> _Provided entries_
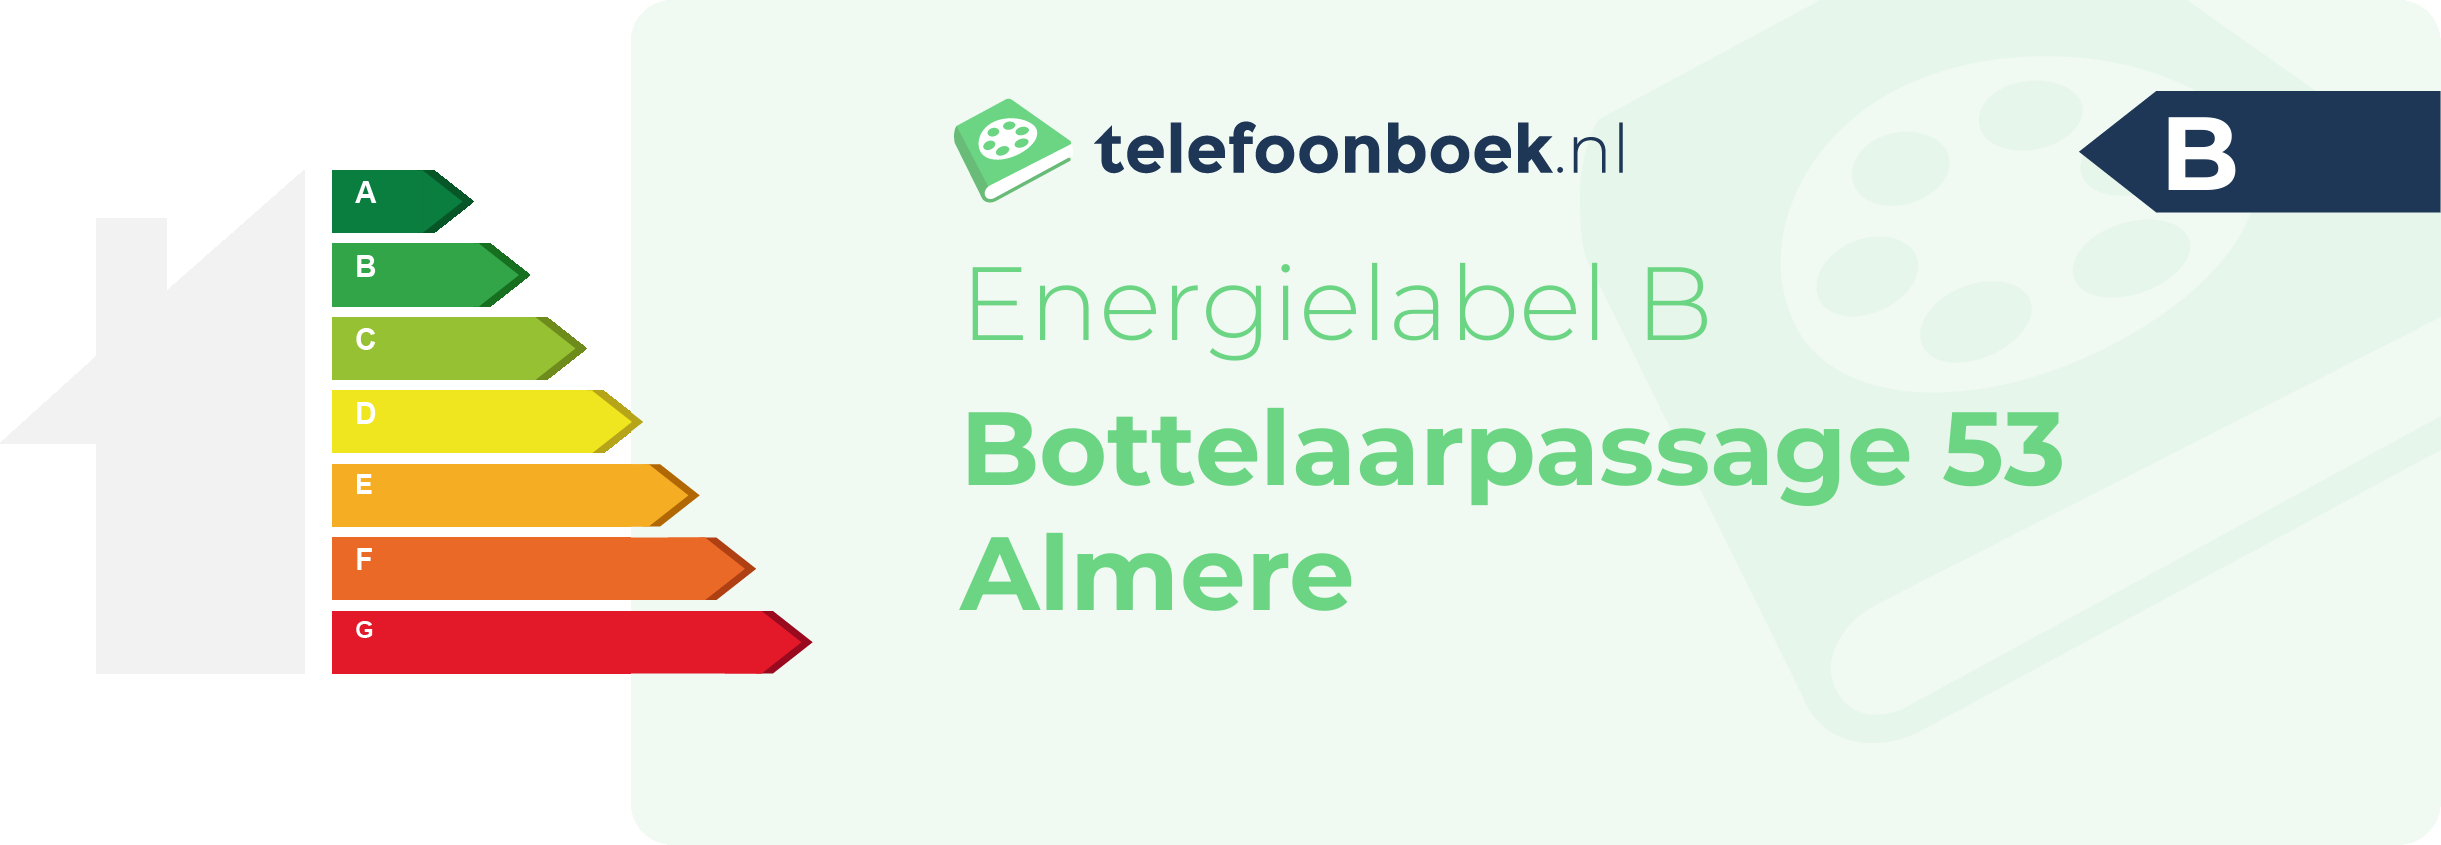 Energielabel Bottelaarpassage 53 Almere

...

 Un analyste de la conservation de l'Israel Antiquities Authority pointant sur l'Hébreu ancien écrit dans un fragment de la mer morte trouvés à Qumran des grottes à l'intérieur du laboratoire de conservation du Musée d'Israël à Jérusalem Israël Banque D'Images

--

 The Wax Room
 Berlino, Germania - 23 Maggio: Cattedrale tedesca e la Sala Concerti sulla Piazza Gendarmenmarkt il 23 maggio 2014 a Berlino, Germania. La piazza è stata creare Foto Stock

> _Work to be completed_
Everything above from the line with "The Wax Room" to the line with "Berlino, Germania - 23", both included, must be repeated exactly, and nothing outside that range.

> _Problem solution_
 The Wax Room
 Berlino, Germania - 23 Maggio: Cattedrale tedesca e la Sala Concerti sulla Piazza Gendarmenmarkt il 23 maggio 2014 a Berlino, Germania. La piazza è stata creare Foto Stock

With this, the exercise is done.